Linus Walleij Aug. 15, 2023, 1:07 p.m. UTC | #5
On Tue, Aug 15, 2023 at 2:57 PM Andy Shevchenko
<andriy.shevchenko@linux.intel.com> wrote:
> On Tue, Aug 15, 2023 at 01:40:22PM +0200, Linus Walleij wrote:
> > On Tue, Aug 15, 2023 at 11:50 AM Andy Shevchenko
> > <andriy.shevchenko@linux.intel.com> wrote:
> > > On Fri, Aug 11, 2023 at 09:30:34PM +0200, Bartosz Golaszewski wrote:
> > > > From: Bartosz Golaszewski <bartosz.golaszewski@linaro.org>
> > > >
> > > > After we remove a GPIO chip that still has some requested descriptors,
> > > > gpiod_free_commit() will fail and we will never put the references to the
> > > > GPIO device and the owning module in gpiod_free().
> > > >
> > > > Rework this function to:
> > > > - not warn on desc == NULL as this is a use-case on which most free
> > > >   functions silently return
> > > > - put the references to desc->gdev and desc->gdev->owner unconditionally
> > > >   so that the release callback actually gets called when the remaining
> > > >   references are dropped by external GPIO users
>
> ...
>
> > > > -     if (desc && desc->gdev && gpiod_free_commit(desc)) {
> > >
> > > The commit message doesn't explain disappearing of gdev check.
> > >
> > > > -             module_put(desc->gdev->owner);
> > > > -             gpio_device_put(desc->gdev);
> > > > -     } else {
> > > > +     /*
> > > > +      * We must not use VALIDATE_DESC_VOID() as the underlying gdev->chip
> > > > +      * may already be NULL but we still want to put the references.
> > > > +      */
> > > > +     if (!desc)
> > > > +             return;
> > > > +
> > > > +     if (!gpiod_free_commit(desc))
> > > >               WARN_ON(extra_checks);
> > > > -     }
> > > > +
> > > > +     module_put(desc->gdev->owner);
> > > > +     gpio_device_put(desc->gdev);
> > > >  }
> > >
> > > So, if gdev can be NULL, you will get an Oops with new code.
> >
> > I read it such that gdev->chip can be NULL, but not gdev,
> > and desc->gdev->owner is fine to reference?
>
> Basically the Q is
> "if desc is non-NULL, does it guarantee that gdev is non-NULL either?"
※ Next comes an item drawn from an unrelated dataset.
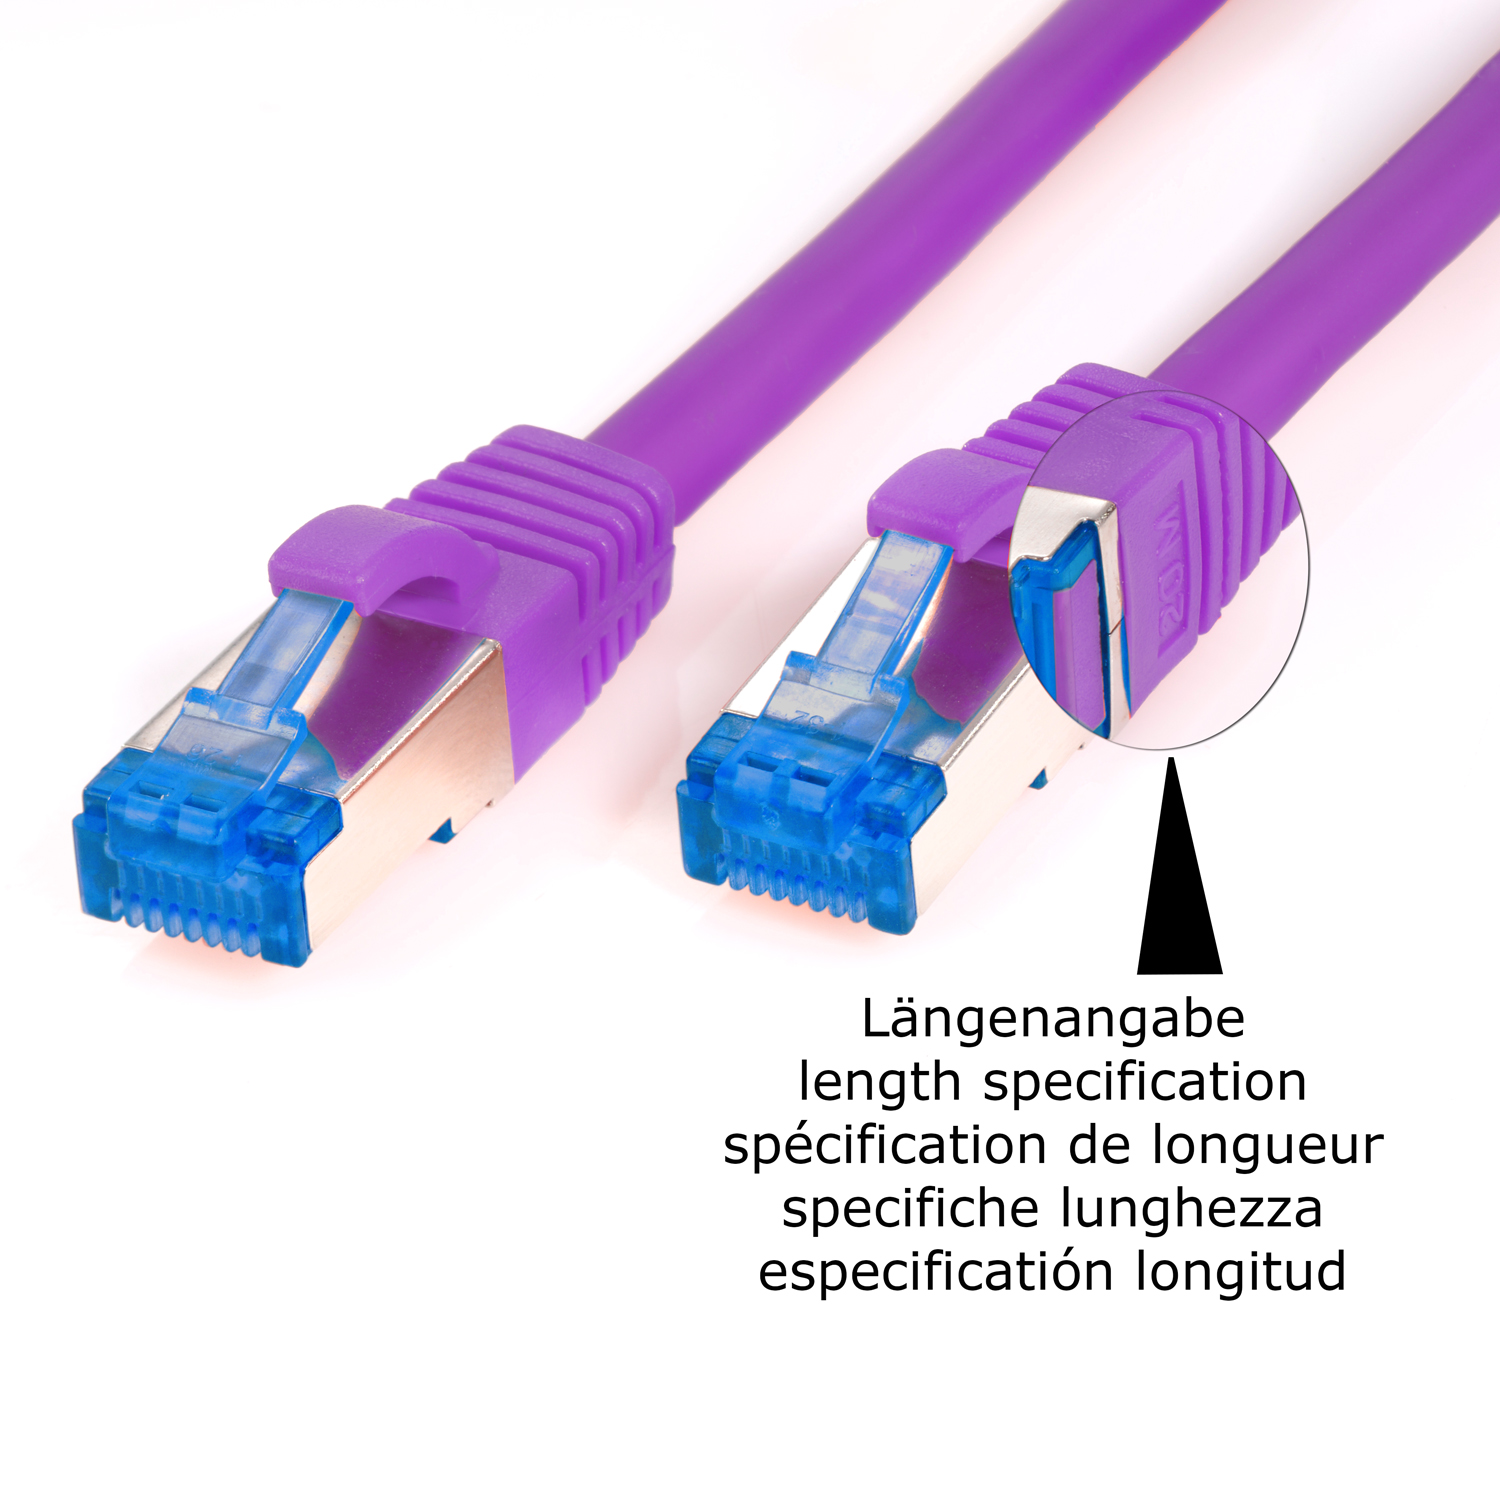 10GBit, Netzwerkkabel, m violett, Patchkabel Netzwerkkabel 15 15m S/FTP / TPFNET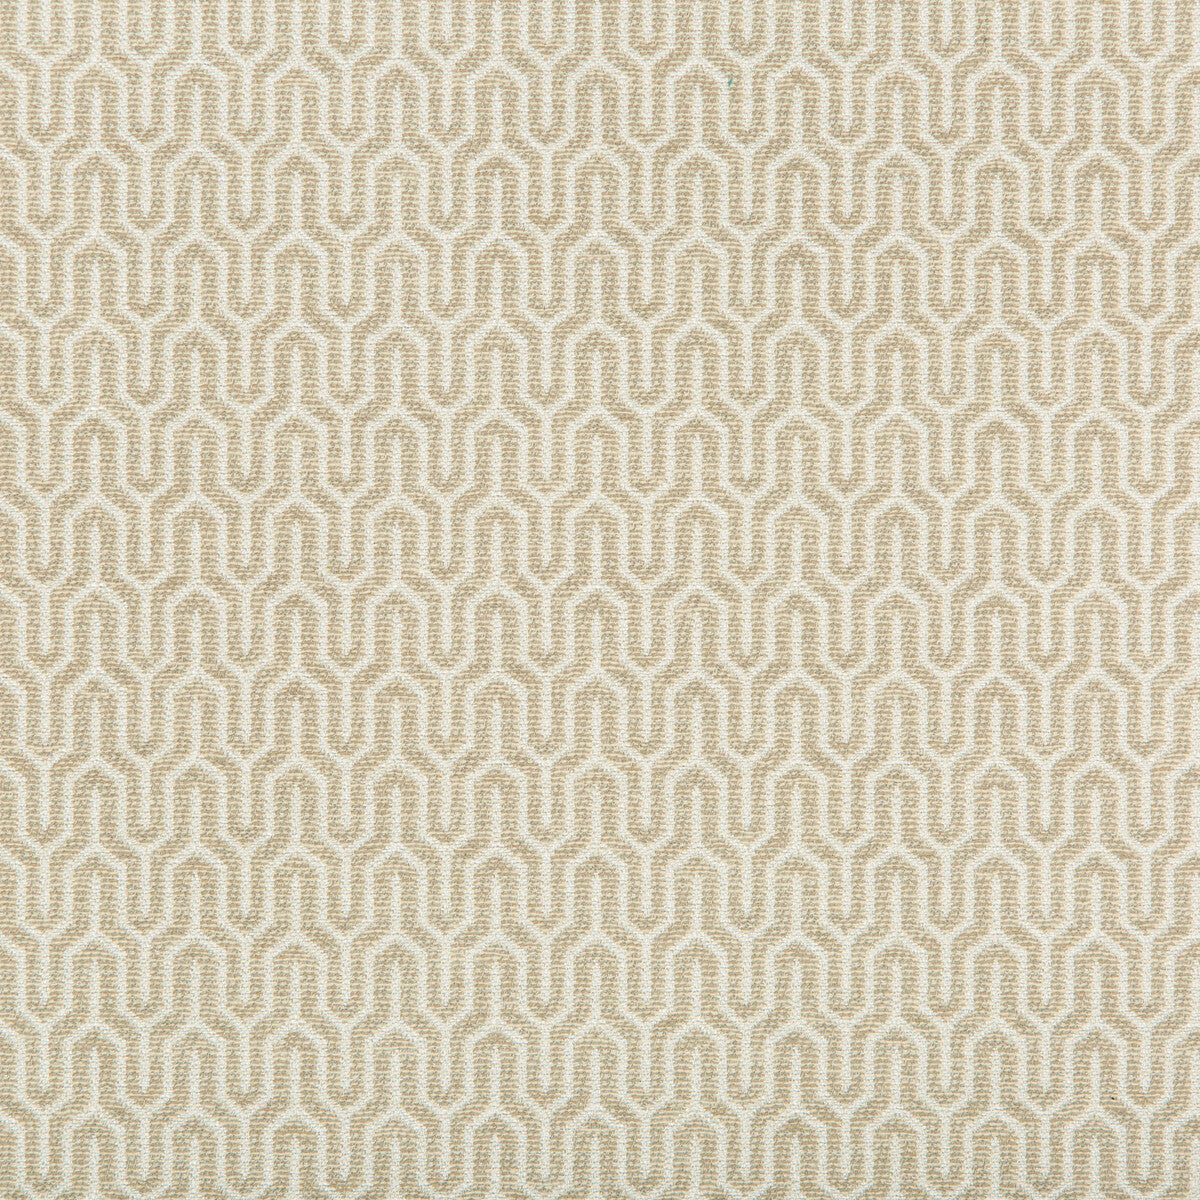 Kravet Design fabric in 35637-16 color - pattern 35637.16.0 - by Kravet Design

gdev->desc is assigned in one single spot, which is in
gpiochip_add_data_with_key():

       for (i = 0; i < gc->ngpio; i++)
                gdev->descs[i].gdev = gdev;

It is never assigned anywhere else, so I guess yes.

We may also ask if it is ever invalid (i.e. if desc->gdev can point to
junk).

A gdev turns to junk when its reference count goes down to zero
and gpiodev_release() is called effectively calling kfree() on the
struct gpio_device *.

But that can only happen as a result of module_put() getting
called, pulling the references down to zero. Which is what we
are discussing. The line after module_put(), desc->gdev
*could* be NULL.

But then we just call gpio_device_put(desc->gdev) which is
just a call to device_put(), which is NULL-tolerant.

Yours,
Linus Walleij
Andy Shevchenko Aug. 15, 2023, 2:43 p.m. UTC | #6
On Tue, Aug 15, 2023 at 03:07:50PM +0200, Linus Walleij wrote:
> On Tue, Aug 15, 2023 at 2:57 PM Andy Shevchenko
> <andriy.shevchenko@linux.intel.com> wrote:
> > On Tue, Aug 15, 2023 at 01:40:22PM +0200, Linus Walleij wrote:
> > > On Tue, Aug 15, 2023 at 11:50 AM Andy Shevchenko
> > > <andriy.shevchenko@linux.intel.com> wrote:
> > > > On Fri, Aug 11, 2023 at 09:30:34PM +0200, Bartosz Golaszewski wrote:

...

> > > > > +     module_put(desc->gdev->owner);
> > > > > +     gpio_device_put(desc->gdev);
> > > >
> > > > So, if gdev can be NULL, you will get an Oops with new code.
> > >
> > > I read it such that gdev->chip can be NULL, but not gdev,
> > > and desc->gdev->owner is fine to reference?
> >
> > Basically the Q is
> > "if desc is non-NULL, does it guarantee that gdev is non-NULL either?"
> 
> gdev->desc is assigned in one single spot, which is in
> gpiochip_add_data_with_key():
> 
>        for (i = 0; i < gc->ngpio; i++)
>                 gdev->descs[i].gdev = gdev;
> 
> It is never assigned anywhere else, so I guess yes.
> 
> We may also ask if it is ever invalid (i.e. if desc->gdev can point to
> junk).
> 
> A gdev turns to junk when its reference count goes down to zero
> and gpiodev_release() is called effectively calling kfree() on the
> struct gpio_device *.
> 
> But that can only happen as a result of module_put() getting
> called, pulling the references down to zero. Which is what we
> are discussing. The line after module_put(), desc->gdev
> *could* be NULL.

Yes.

> But then we just call gpio_device_put(desc->gdev) which is
> just a call to device_put(), which is NULL-tolerant.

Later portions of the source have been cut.